In the painting, the son has returned home in a wretched state from travels in which he wasted his inheritance and fell into poverty and despair. He kneels before his father in repentance, wishing for forgiveness and a renewed place in
the family, having realized that even his father's servants had a better station in life than he. His father receives him with a tender gesture. His hands seem to suggest mothering and fathering at once; the left appears larger and more
masculine, set on the son's shoulder, while the right is softer and more receptive in gesture. Standing at the right is the prodigal son's older brother, who crosses his hands in judgment; in the parable he objects to the father's
compassion for the sinful son:
But he answered his father, "Behold, these many years I have served you, and I never disobeyed a commandment of yours, but you never gave me a goat, that I might celebrate with my friends. But when this, your son, came, who has devoured your living with prostitutes, you killed the fattened calf for him. "
- Luke, World English Bible
The father explains, "But it was appropriate to celebrate and be glad, for this, your brother, was dead, and is alive again. He was lost, and is found" (Luke 15:32).
Rembrandt was moved by the parable, and he made a variety of drawings, etchings, and paintings on the theme that spanned decades, beginning with a 1636 etching. The Return of the Prodigal Son includes figures not directly related
to the parable but seen in some of these earlier works; their identities have been debated. The woman at top left, barely visible, is likely the mother, while the seated man, whose dress implies wealth, may be an advisor to the estate or
a tax collector. The standing man at centre is likely a servant.
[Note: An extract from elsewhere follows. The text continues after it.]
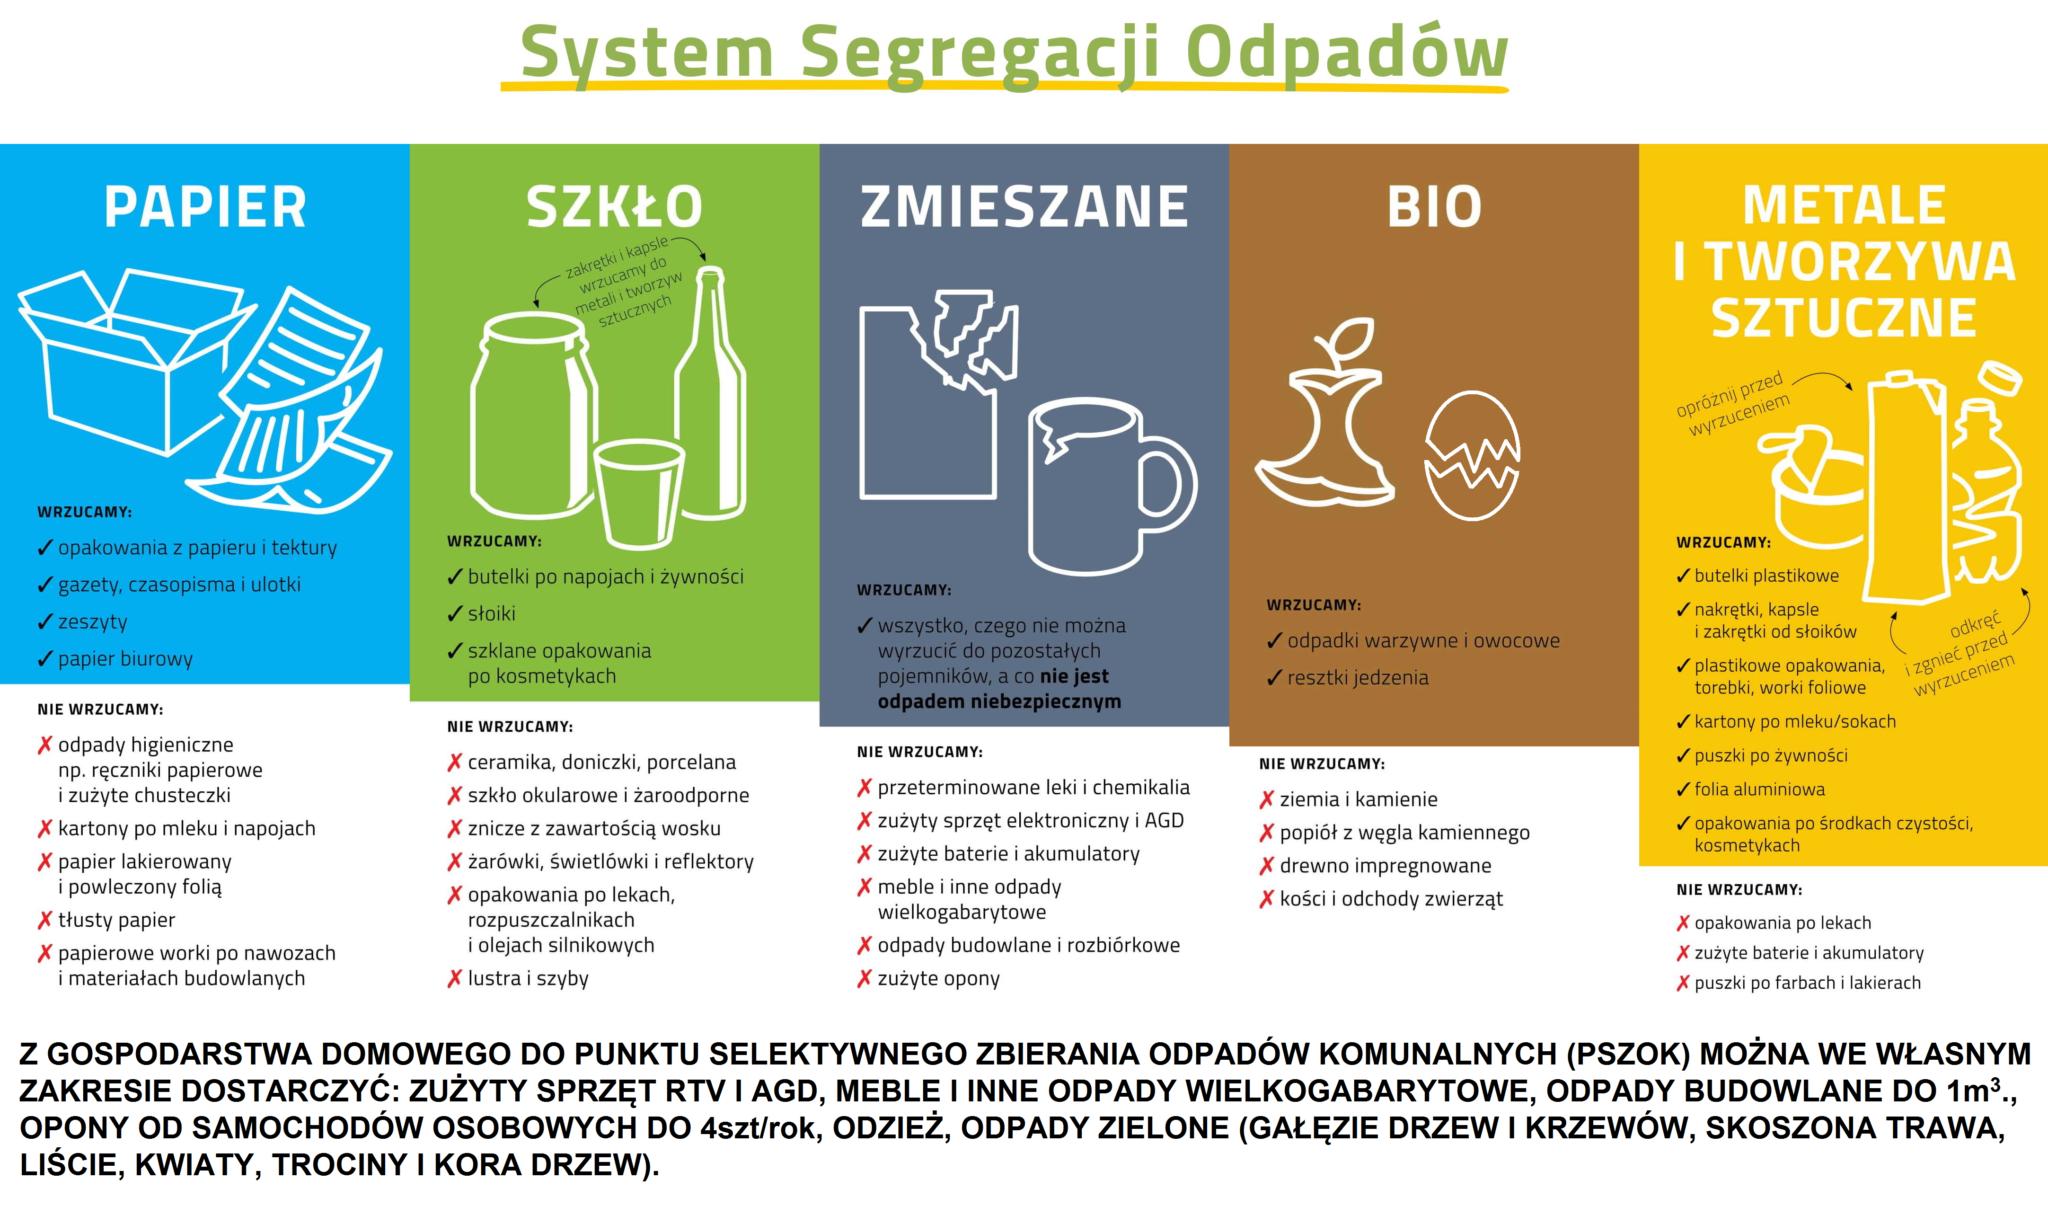 Obrazek system segregacji odpadów

The Return of the Prodigal Son demonstrates the mastery of the late Rembrandt. His evocation of spirituality and the parable's message of forgiveness has been considered the height of his art. Rembrandt scholar Rosenberg calls the painting "monumental", writing that Rembrandt "interprets the Christian idea of mercy with extraordinary solemnity, as though this were his spiritual testament to the world. [The painting] goes beyond the work of all other Baroque artists in the evocation of religious mood and human sympathy. The aged artist's power of realism is not diminished, but increased by psychological insight and spiritual awareness ... The observer is roused to a feeling of some extraordinary event ... The whole represents a symbol of homecoming, of the darkness of human existence illuminated by tenderness, of weary and sinful mankind taking refuge in the shelter of God's mercy."